Behind the big model frenzy: The “aging” and retrofitting of AI infrastructure

Machine learning models have evolved into what some call “behemoths”. The world’s top tech companies are in an arms race to train the largest models (MUM, OPT, GPT-3, Megatron), while other production-focused companies are scaling up their original models with good results.
It’s all going well, but what’s rarely mentioned is the number of real challenges that massive models pose to existing AI infrastructure and development processes.
The weight of large models can reach 100+GB, but the current development tools have not caught up, it is very difficult to use, deployment often have to wait for several minutes or even several hours, which has become the pain of AI engineers, not only waste the engineer’s time, reduce work efficiency, but also slow down the iteration speed.
Developer productivity is one of the biggest costs when it comes to training and deploying models, according to Modular, the team working on AI infrastructure tools.
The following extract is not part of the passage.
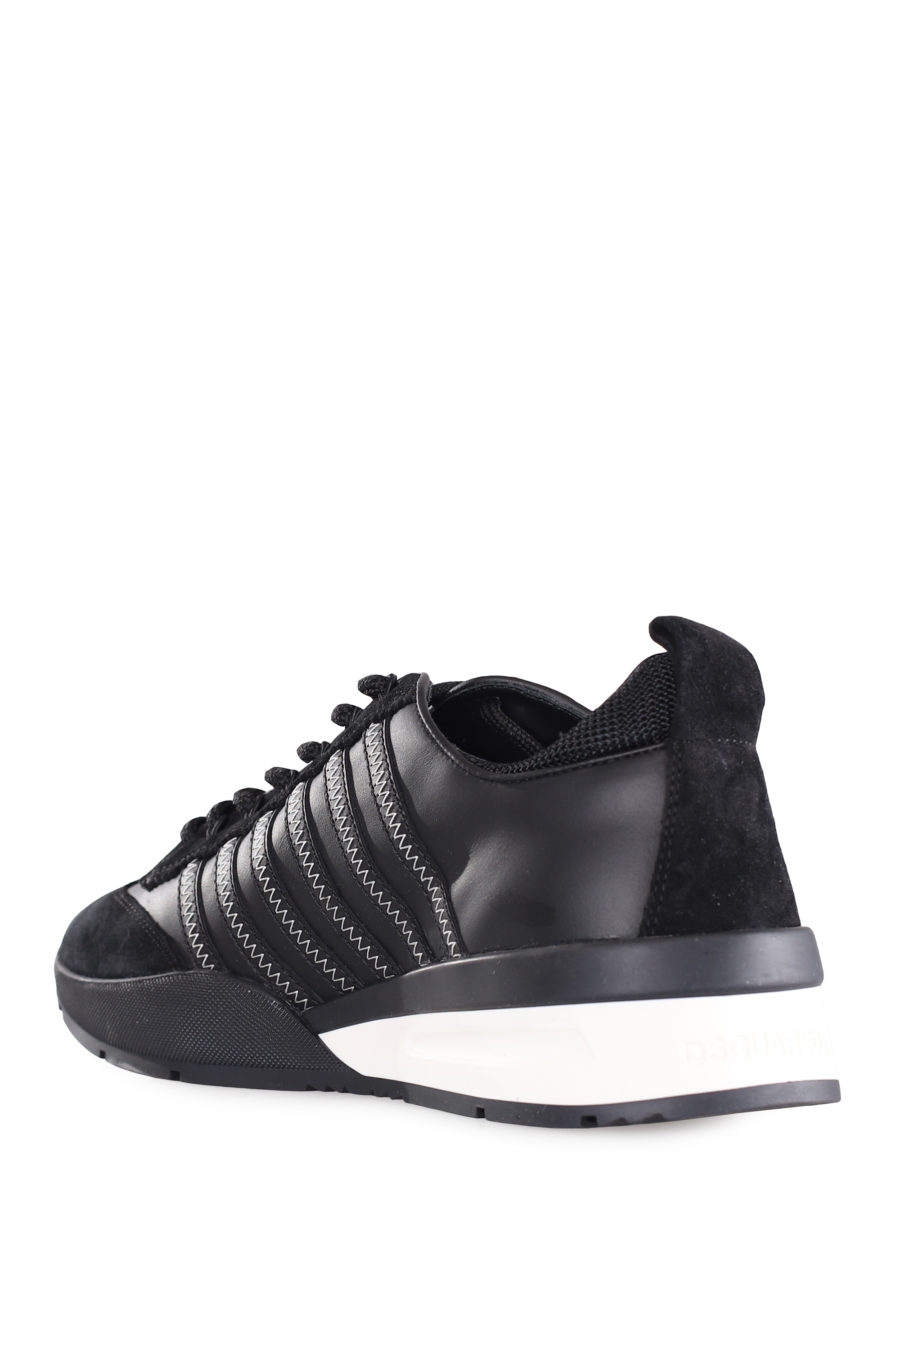 Zapatillas negras con lineas negras y logo blanco pequeño - IMG 9559

Therefore, it is necessary to continuously optimize the tool chain to improve the experience of early adopters and make it easier for developers. This article explores the technical challenges of managing large amounts of data in the compilation process, and the infrastructure improvements Modular makes (and the MLIR compiler framework) to address those challenges. Compiled by the OneFlow community (ID: OneFlowTechnology).

1
The usability of the AI model kit is insufficient
Graph Transformations, optimization, and compilers perform transformations to improve the performance and portability of AI models so that they can be deployed on some target hardware.
Among the compilers, there is a high-level “compiler” such as TensorFlow Lite Converter, which converts the TensorFlow SavedModel model into a highly optimized program format (such as FlatBuffer) so that the model can be executed on edge devices; There are also domain-specific compilers such as XLA and TorchScript JIT Compiler, which create an intermediate representation (perhaps a “graph”) for the AI model and then compile it into another format — such as machine code or domain-specific runtime representation.
The compilation of AI diagrams is very different from traditional compilation. The AI diagram consists of two parts: the diagram topology (how the layers are connected) and the model weights (the parameters of a particular layer). In terms of size, the graph topology is measured in KB and the weight is measured in MB or even GB. For example, the Open Pre-trained Transformers model released by Meta had a number of participants ranging from 30 billion, 66 billion to 175 billion, equivalent to 100+GB weight. The Gopher and Megatron models are even larger.

Existing tools in the AI ecosystem do not yet handle large models well. For example, Protobufs limits data transfer sizes to 2GB, so models that use the Protobufs serialization format are hampered. The documentation for the latest version of TensorRT states that “for Transformer based neural network models such as BERT and GPT, TensorRT can consume up to 10 times the CPU memory of the model size at compile time”, indicating that TensorRT is not suitable for large models. If you use the ONNX file format to store a large model, you must split the model weights into multiple files to store separately.
All of this adds unnecessary complexity to the AI development workflow, removes the “single fact source” (SSOT) from models, and makes model distribution more difficult.
Workarounds may be adopted to deal with the problem of having too much weight on the model, which may end up making the overall AI development workflow more complex. For example, because some compiler phases take up to two minutes or more, Modular builds a mechanism for caching temporary files.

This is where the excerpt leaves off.